Test any chemical you intend to use in a hidden area to make sure it won't discolor or damage the surface.
Apply spotter and work from the outside of the stain in, to avoid spreading. Blot, don't scrub; strike with the flat face of a spotting brush if needed to help break up the stain.
Rinse chemical spotters out with water, blot the area dry and feather the edges. Brush or fluff up pile or nap.
On carpet and upholstery, put a thick pad of toweling over the spot, weight it down with books, and leave it there overnight to "wick up" any remaining moisture.
DIY Stain Removal Guide
Cigarette Burns – A mild scorch from a cigarette burn is easily removed by scraping the pile with a dull knife by gently rubbing off the blemish.
Fat, Oil, and Wax Stains – You will need a clothes iron and a handful of paper towels to remove these types of stains.
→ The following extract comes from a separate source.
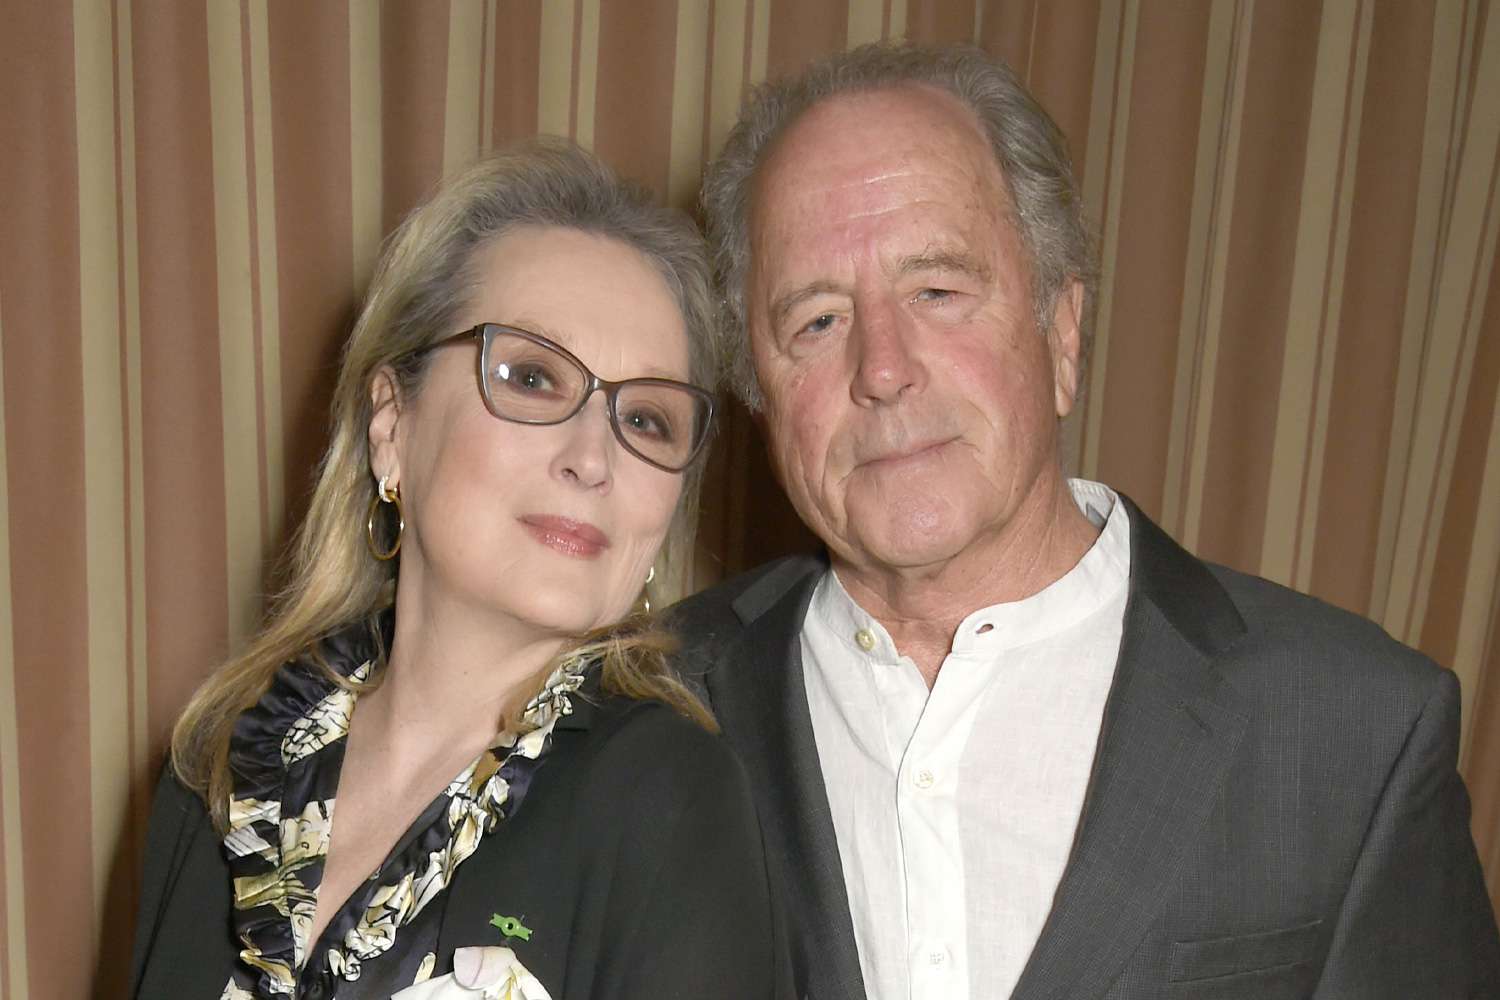 Meryl Streep's Shocking Marriage Update - Don Gummer Separates After 45 Years! 13

Flip the iron on a “warm” setting; do not use the “hot” setting, as that can singe the carpet. Place a paper towel over the top of the stain and with the iron and slight pressure on top of the paper towel, pull the stain up. The fat, oil, and wax will absorb into the paper towel with ease and come right off your carpet.
Glue – Apply rubbing alcohol onto your choice of cotton ball or cloth and gently work the alcohol into the glue spots. With a clean, dry cloth wipe away the residue and repeat until the glue is completely dissolved.
Gum and Sticky Candy – Pile up ice cubes on the gum or candy until it is frozen and with a spoon, or another blunt object, shatter the spot. Pick up the large fragments by hand and vacuum the remnants.
Nail Polish – If there is an excessive amount of polish, be armed with several rags; apply a generous amount of nail polish removal on a rag and work the polish out, getting a clean one after the rag has absorbed a fair amount of polish.
Urine – Absorb as much of the urine as possible with paper towels or dry rags using moderate pressure to blot the remaining moisture with a damp cloth. Mix together one part water and one part white vinegar in a spray bottle and apply the solution onto the stain; allow it to set for 10 minutes or so. While the first solution is working, combined ½ tsp of clear, mild, non-bleach detergent with 32 ounces of water and sponge that solution on top of the previous layer and blot the treated area with moderate pressure. Follow up with a few dry cloths to remove all moisture.
Water-Soluble Stains – Water-soluble stains are alcoholic beverages, berries, colas, excrement, food, dyes, gravy, ice cream, jelly, milk, mud, washable ink, and wet or latex paint to give you an idea and are fairly easy to remove. Combine ¼ tsp non-bleach detergent or white vinegar with 32 ounces of water in your choice of spray bottle or bucket and apply onto the stains and work out with dry rags, blotting up the stain as you go.
Special Water-Soluble Stains – Special water-soluble stains like wine, vomit, tea, mustard, coffee, chocolate, and blood for example, are a bit more complex to remove and require extra power. In your preference of spray bottle or bucket, combined 1 tbsp ammonia and 1 cup water; please note, carpet manufactured out of wool or wool blends should substitute the water with a mild soap. Apply directly to the area, allow it to set 5-10 minutes and remove with clean, damp cloth.